EXCERPTED DATA:
_ _ _ _

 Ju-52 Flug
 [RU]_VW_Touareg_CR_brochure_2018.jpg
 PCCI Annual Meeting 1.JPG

_ _ _ _

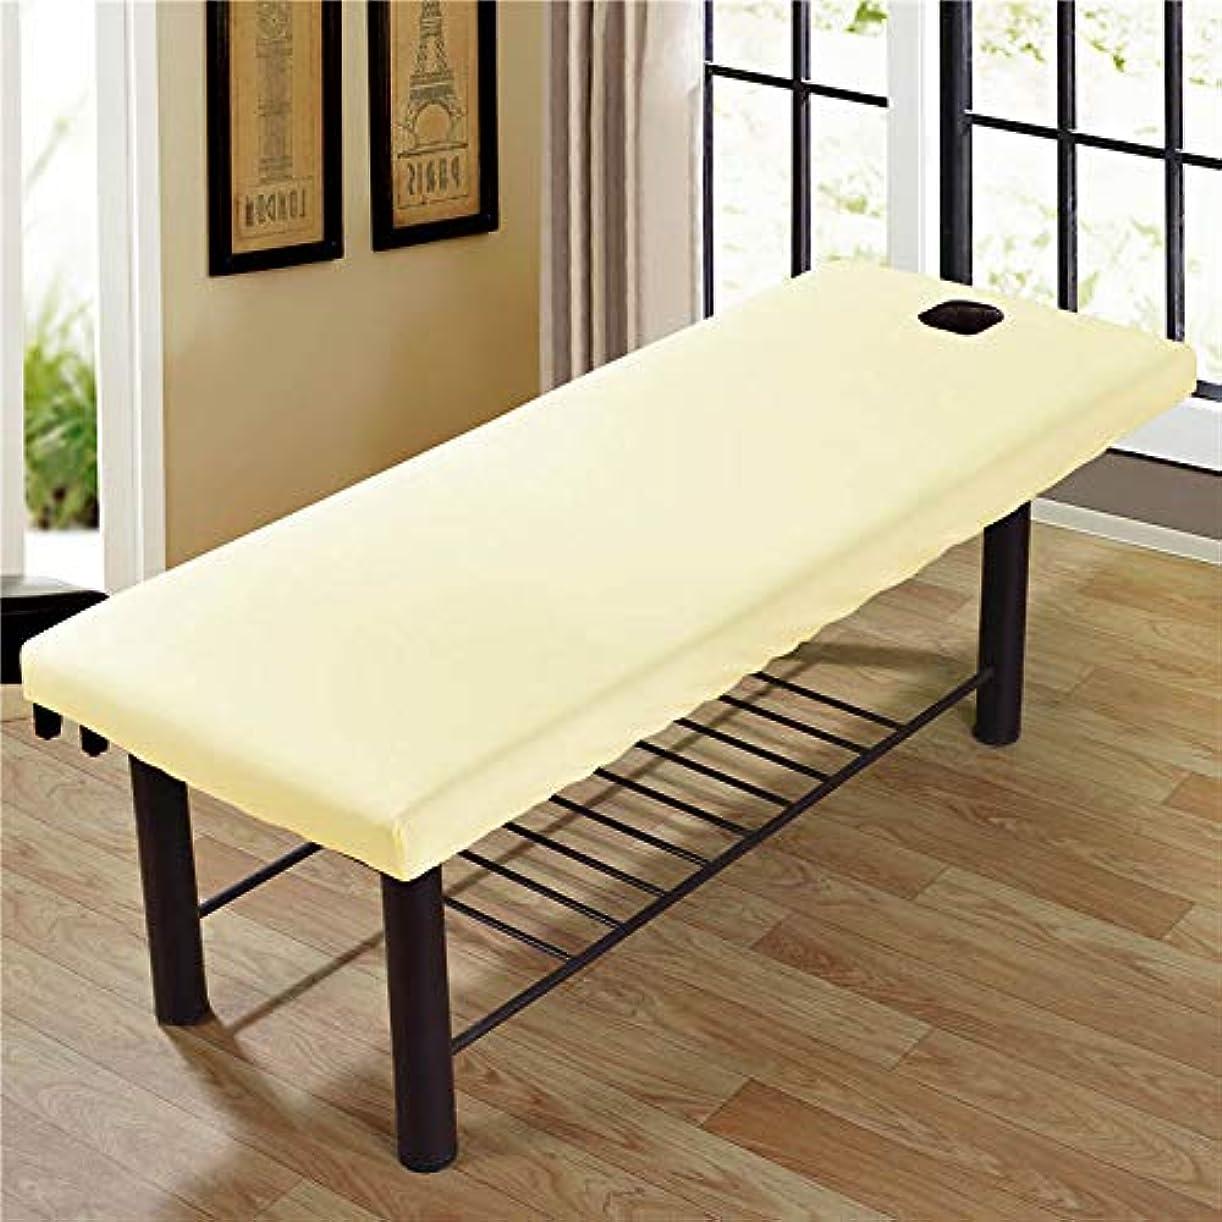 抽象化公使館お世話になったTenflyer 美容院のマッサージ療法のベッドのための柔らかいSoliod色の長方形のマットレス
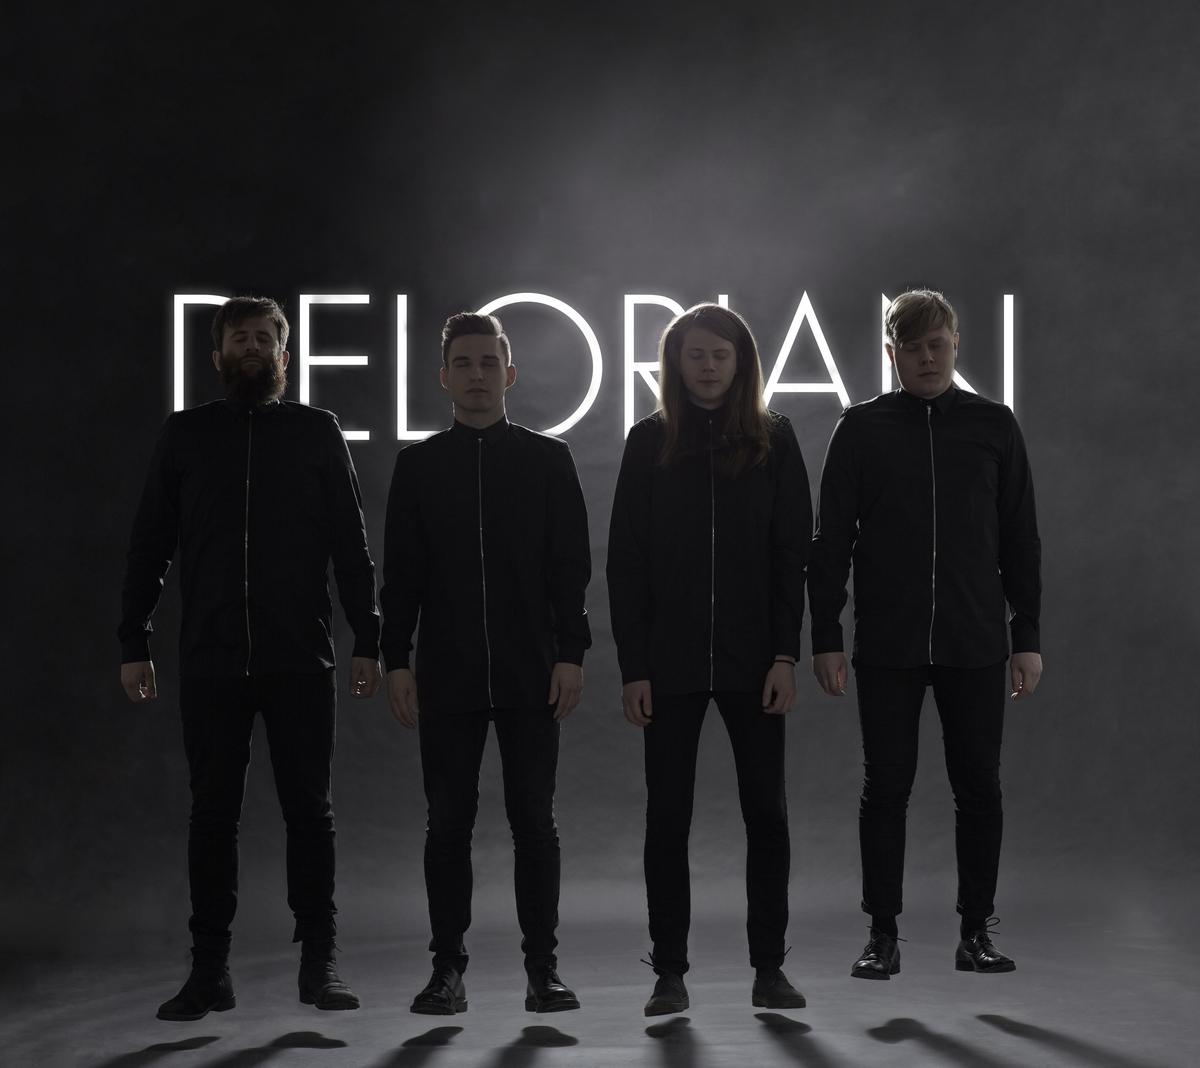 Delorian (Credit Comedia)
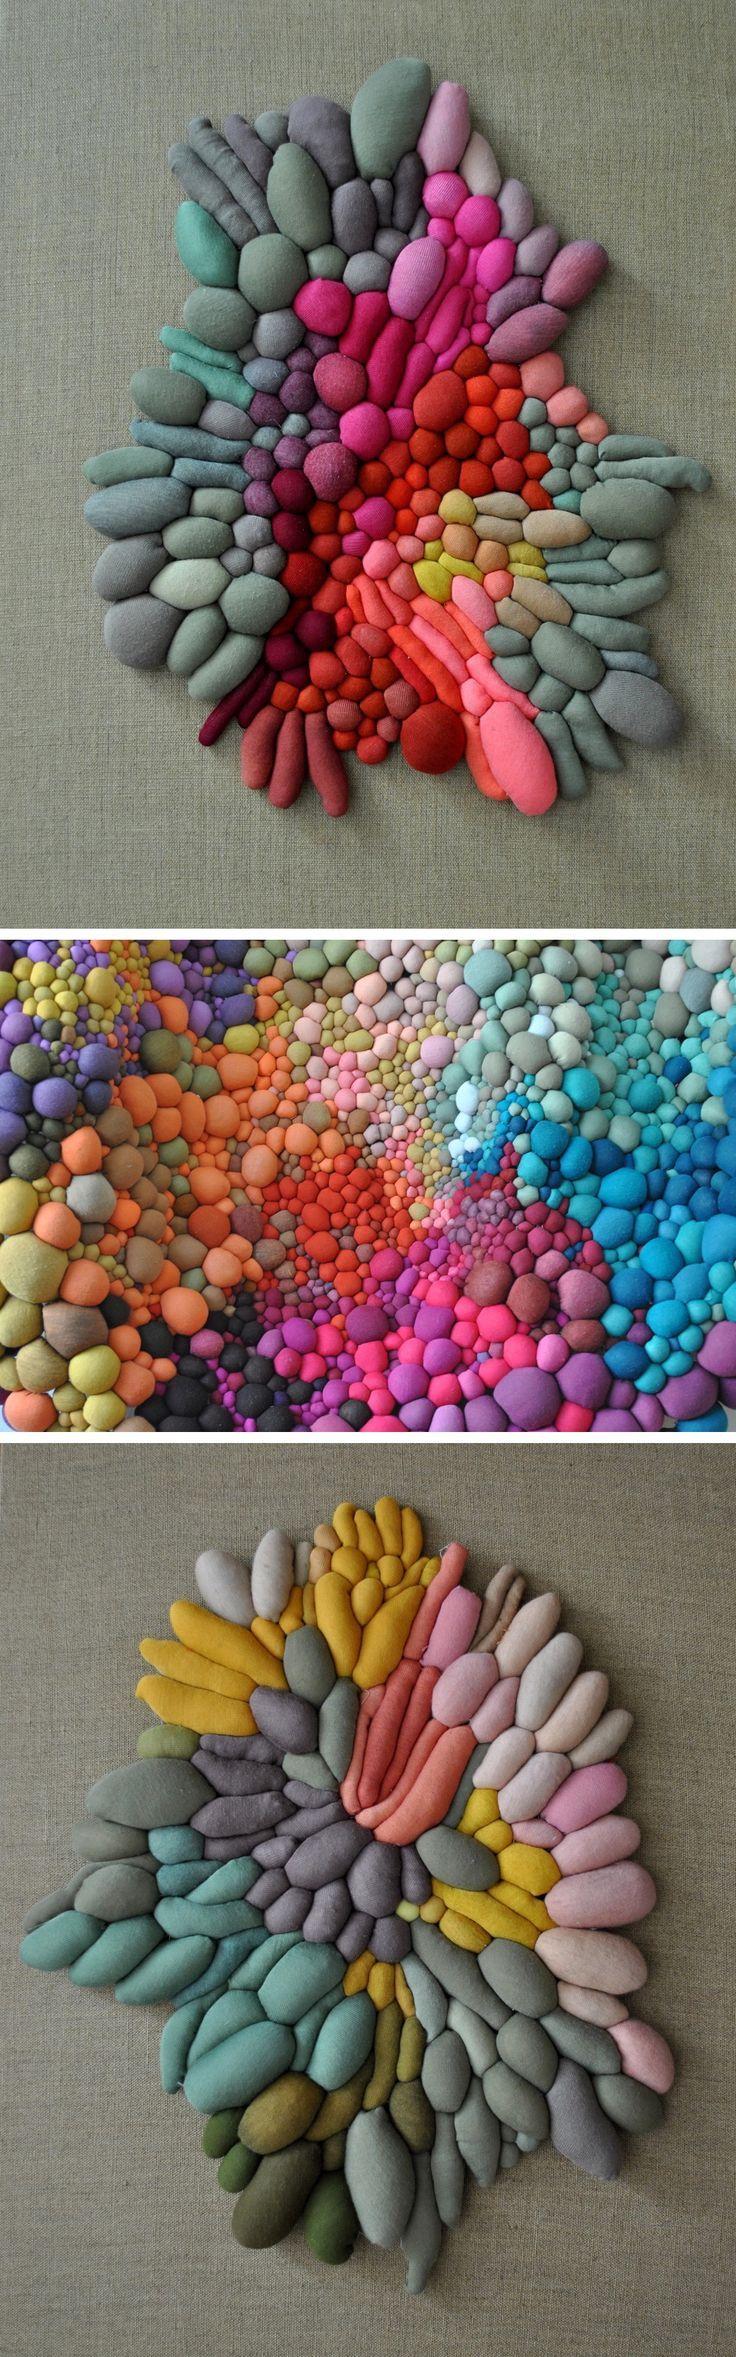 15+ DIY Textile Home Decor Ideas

_ _ _ _

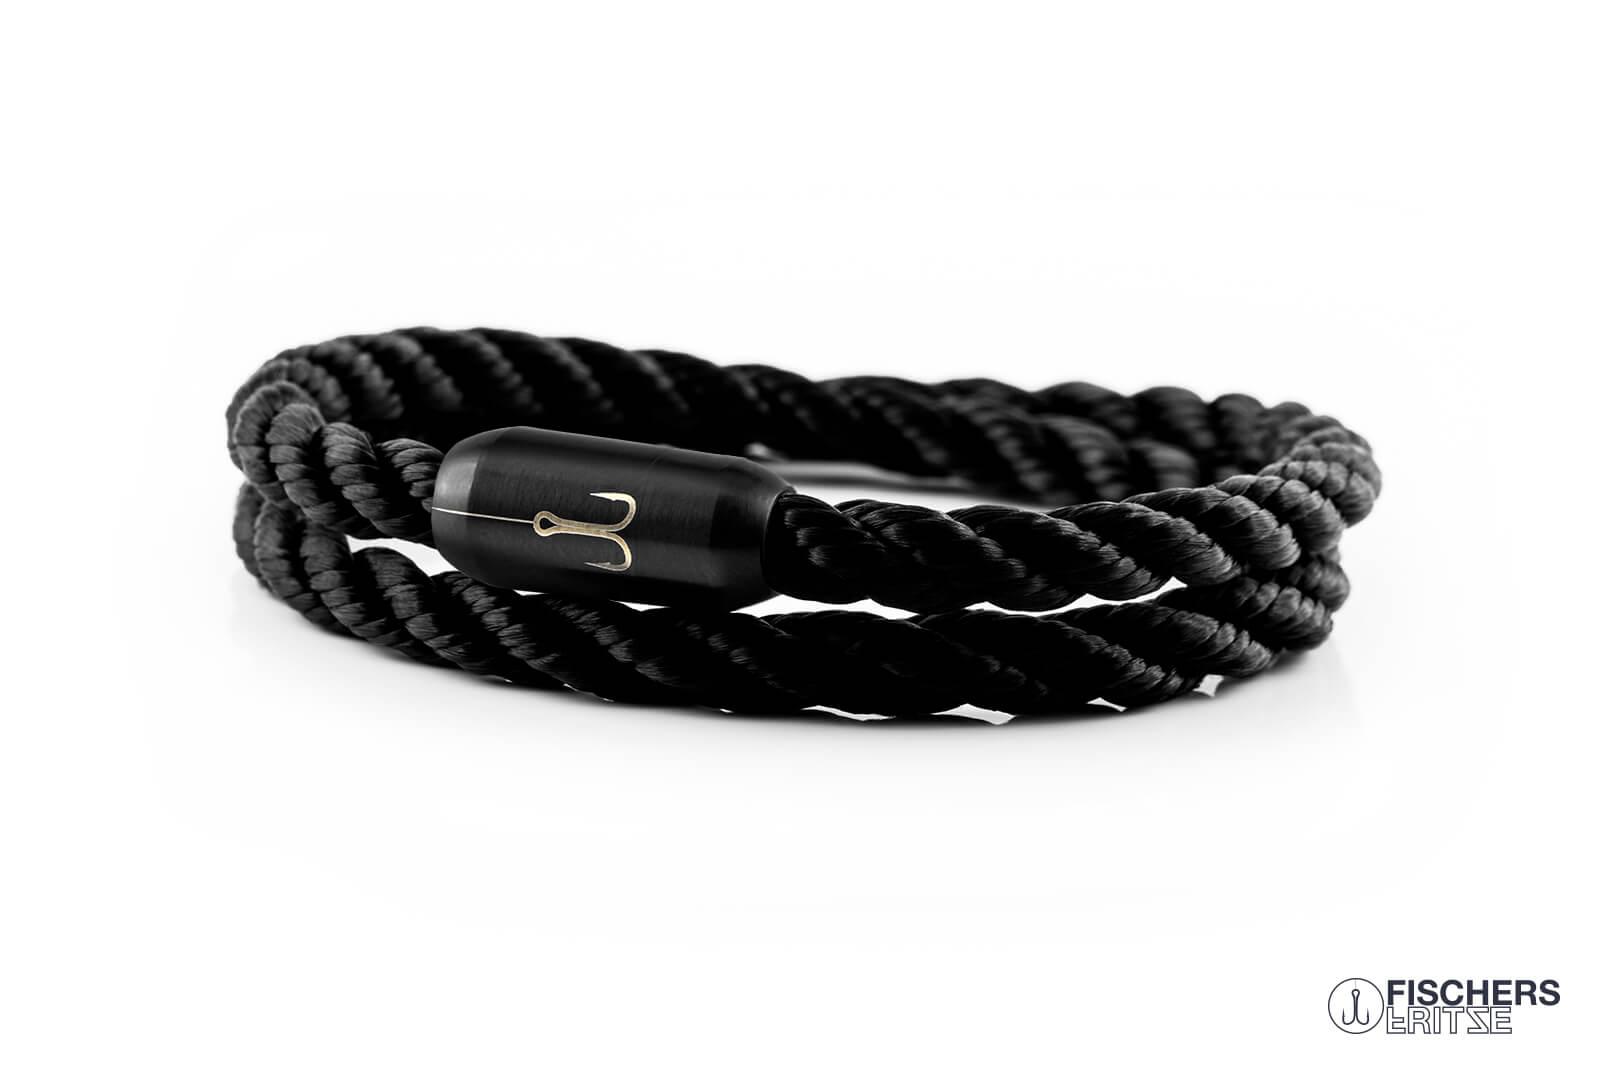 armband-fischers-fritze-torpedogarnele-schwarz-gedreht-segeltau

_ _ _ _

WORK REQUIRED: When you reach the line with "抽象化公使館お世話になったT" in the records above, start writing out each line exactly, and stop after the line with "15+ DIY Textile Home Decor Ideas". Pictures stay out.

TASK OUTPUT:
 抽象化公使館お世話になったTenflyer 美容院のマッサージ療法のベッドのための柔らかいSoliod色の長方形のマットレス
 Delorian (Credit Comedia)
 15+ DIY Textile Home Decor Ideas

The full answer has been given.